Calculating land based carbon
Calculating carbon is hard, dependent on a lot of different variables and when it comes to soil in particular is not an exact science.
- For woodland projects: WCC carbon calculator spreadsheet
- For peatland projects use the Carbon emissions calculator
- At the moment no soil carbon code or calculator is available unfortunately although they are working on it.
Bare in mind that there may well be a requirement for land-based businesses to offset their own carbon emissions. So get an idea of the carbon footprint of your own business and keep some credits back to cover this offset.
How to sell?
There are 12000 large companies [basically those with sales over £25m or a balance sheet over £12m] in the UK at present who are required to undertake greenhouse gas monitoring. The UK carbon codes allow them to buy credits to compensate for their carbon emissions.
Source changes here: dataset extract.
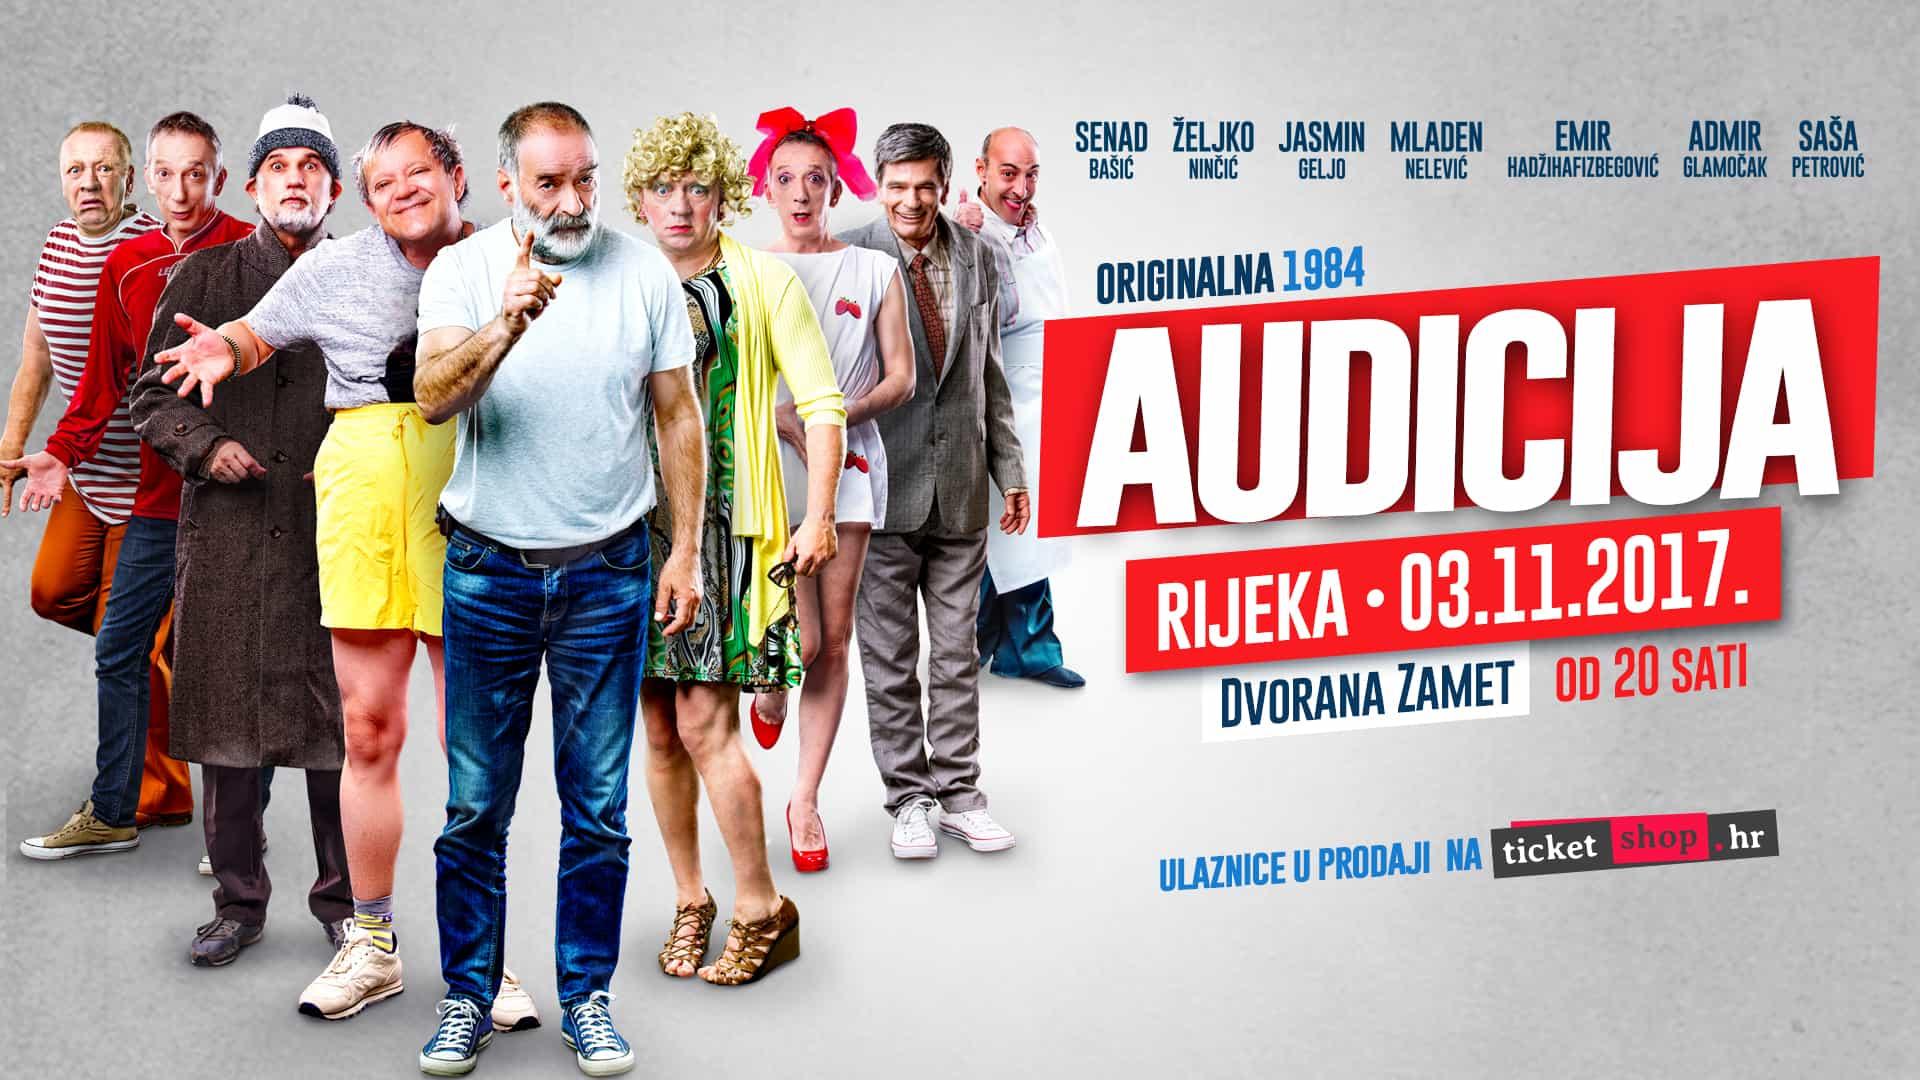 Audicija - Rijeka

Once you’ve completed a carbon audit and it’s been verified, you then have to find a buyer. And you can do this in one of 3 ways:
- In England, you can sell carbon units to the government through DEFRA’s woodland carbon guarantee
- You can register projects on the UK land carbon registry
- Use carbon brokers or find private buyers yourself
Price
For the regulated UK ETS market then the price is set by the UK ETS authority. In 2020, the price for carbon was a shade under £48 which has risen to over £52 in 2022 and jumped to a shade over £83 for 2023.
The price for voluntary/unregulated markets is different because nobody (as yet) is forcing these companies to buy carbon credits. So the price here is lower with companies typically paying between £15 - £25 per unit.
Considerations before selling
Here are a few things to keep in mind when looking at selling carbon credits:
- Watch out for greenwashing - basically exaggerating the company's green credentials. It can happen when the company buys carbon offers without first taking steps to offset avoidable emissions and are therefore still major polluters. So understand fully, who it is you are selling to.
- Understand all the implications of trading carbon: this includes tax, land tenure, effects on the capital value of the land, interactions with other environmental schemes etc.
- Record keeping - be really on it when it comes to record keeping and keeping track of credits you have left to sell to avoid double counting such as in a landlord/tenant situation.
- Have a contingency plan - contacts in carbon trading are long terms (generally 30 years plus) so keep a credit buffer in the case of a forest fire or similar that could damage the contract in place.
It’s fairly probable that supermarkets will want their supply chains to be low carbon. So if you’ve sold off all your credits to someone else then they won’t be able to use the ‘sold sequestered’ on their packaging etc.
So what next?
The advice to farmers and landowners is very firm - don’t sell anything yet! And there is good reason for this.
- The voluntary markets are still unregulated. There is no baseline on which the market operates meaning there's room for a lot of error on both the buying and selling sides.
- The Prices are going to rise - the demand for credits is only going to increase as we get closer to the net zero date in 2050. It’s simple supply and demand economics.
- Cover your own emission first - It is most probably that land based businesses will be required to account and cover their own carbon emissions first so please make sure you have enough credits to cover this. Agriculture is one of the big carbon polluters so no doubt it will be in the cross hairs when it comes to net zero.